Originally Posted by kwikness

A TI-84+ is recommended for the course. Here is the problem out of the book:

Unless they have changed those calculators, they can't integrate with respect to a variable. If you had and integral bounded by values not at an asymptote, you could graph it, hit calculate, select integrate, and put in the bounds.

**pickslides** · February 6th 2011, 05:35 PM

Hi there, you are not required to evaluate that integral.

You need to make a table in the Ti-84 to solve the approximation of the intergal using simpson's rule.

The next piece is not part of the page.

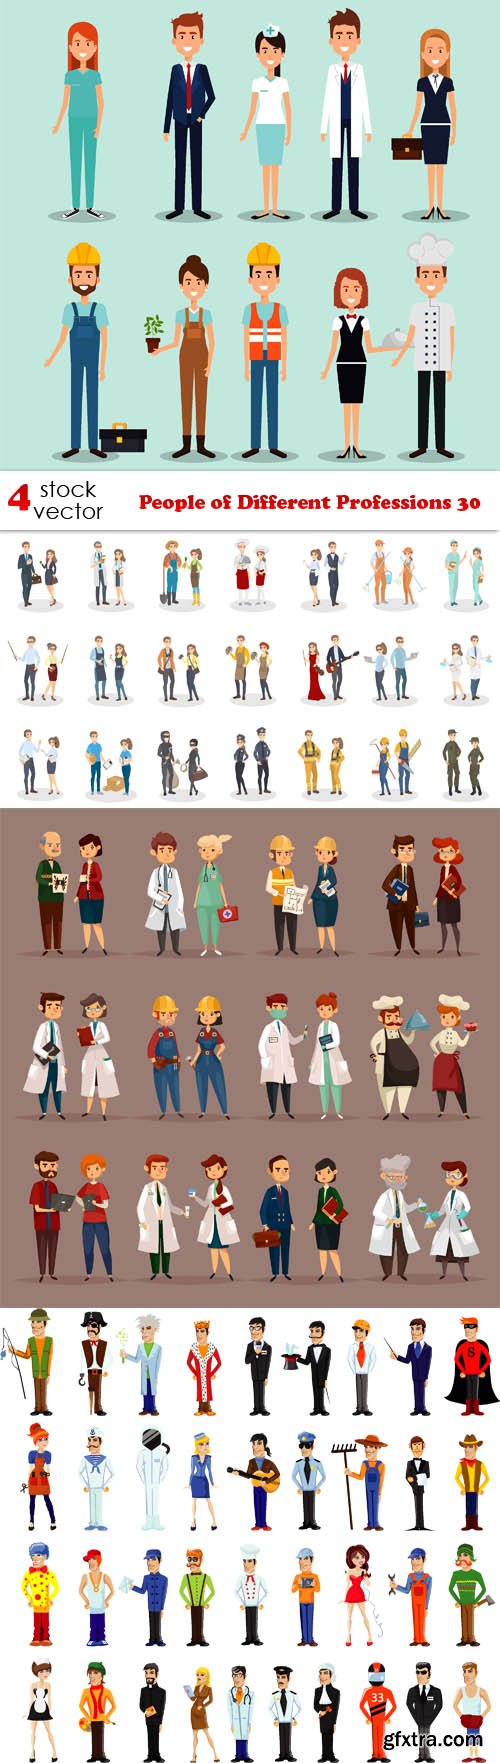 Vectors - People of Different Professions 30

Do you know what this rule is?

**kwikness** · February 6th 2011, 07:03 PM

Originally Posted by pickslides

Hi there, you are not required to evaluate that integral.

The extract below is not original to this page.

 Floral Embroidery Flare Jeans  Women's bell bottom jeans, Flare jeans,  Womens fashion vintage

You need to make a table in the Ti-84 to solve the approximation of the intergal using simpson's rule.

Do you know what this rule is?

I looked up Simpson's rule, but I'm not sure how to apply it to doing this problem with a calculator. Does anyone have any advice?

**pickslides** · February 6th 2011, 07:20 PM

Originally Posted by kwikness

I looked up Simpson's rule,

Is this the rule?

$\displaystyle \int_a^b f(x)~dx \approx \frac{b-a}{6}\left[ f(a)+4f\left(\frac{b-a}{2}\right)+f(b)\right]$

If so you are given different upper bounds in the first row of the table.

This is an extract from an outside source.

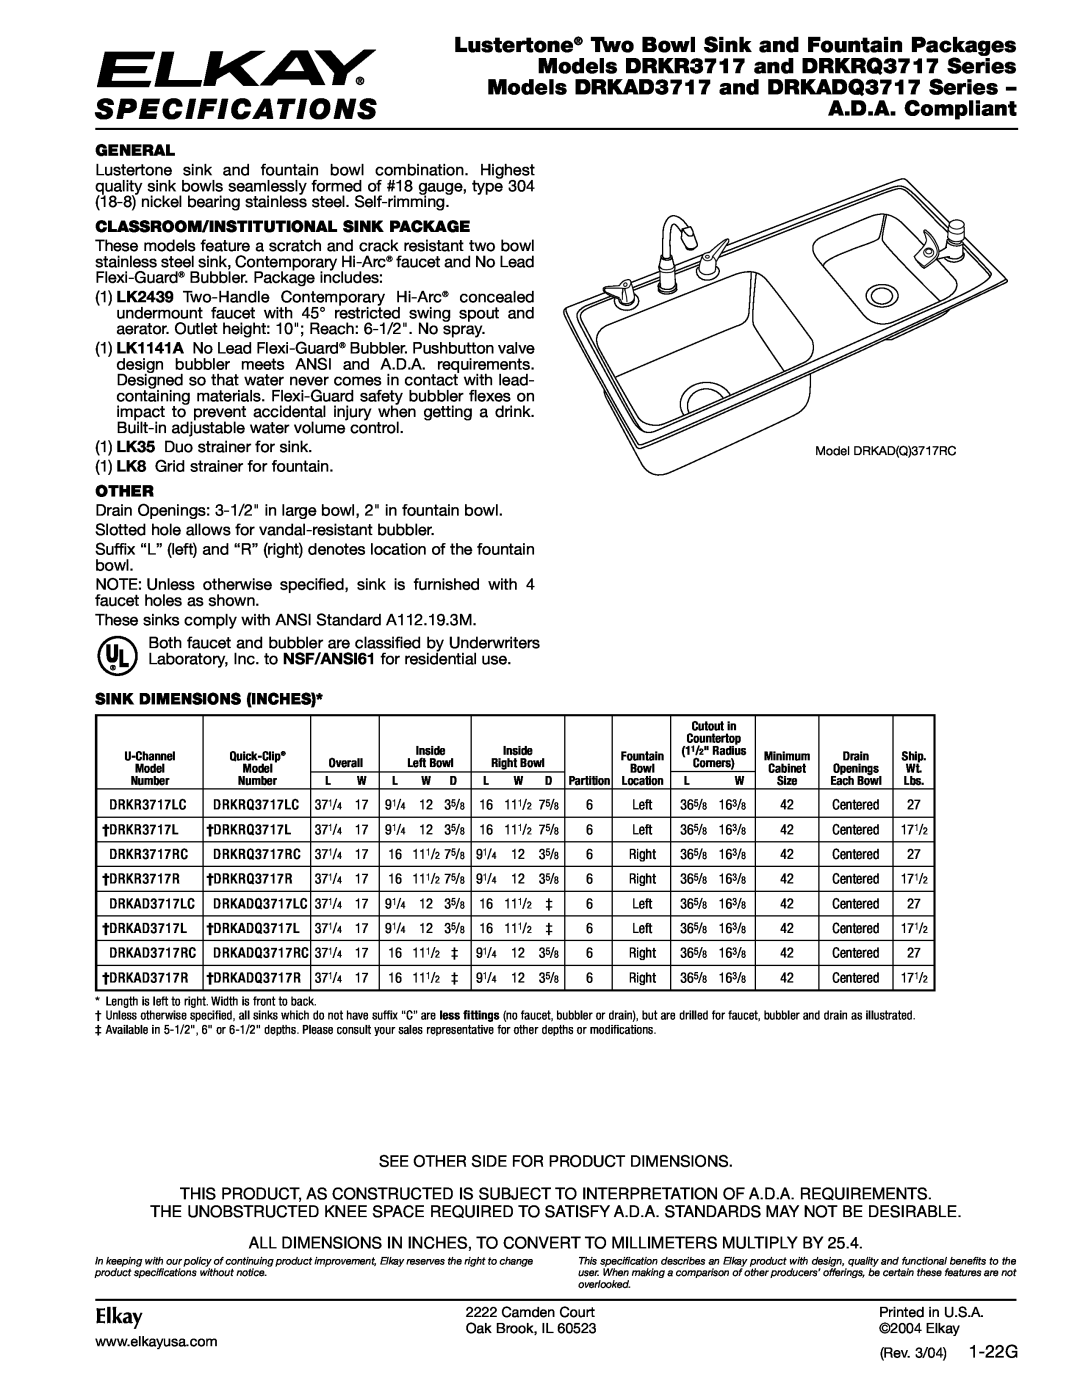 Elkay DRKR3717R specifications Specifications, Lustertone Two Bowl Sink and Fountain Packages, A.D.A. Compliant, Elkay

For $x = 0.5$ then $\displaystyle \int_1^{0.5} f(x)~dx \approx \frac{0.5-1}{6}\left[ f(1)+4f\left(\frac{0.5-1}{2}\right)+f(1)\right]=\dots$

Using the calculator gives you the power to evaluate all these sums at the same time.

**TheEmptySet** · February 6th 2011, 07:36 PM

Originally Posted by pickslides

Is this the rule?

$\displaystyle \int_a^b f(x)~dx \approx \frac{b-a}{6}\left[ f(a)+4f\left(\frac{b-a}{2}\right)+f(b)\right]$

If so you are given different upper bounds in the first row of the table.

For $x = 0.5$ then $\displaystyle \int_1^{0.5} f(x)~dx \approx \frac{0.5-1}{6}\left[ f(1)+4f\left(\frac{0.5-1}{2}\right)+f(1)\right]=\dots$

Using the calculator gives you the power to evaluate all these sums at the same time.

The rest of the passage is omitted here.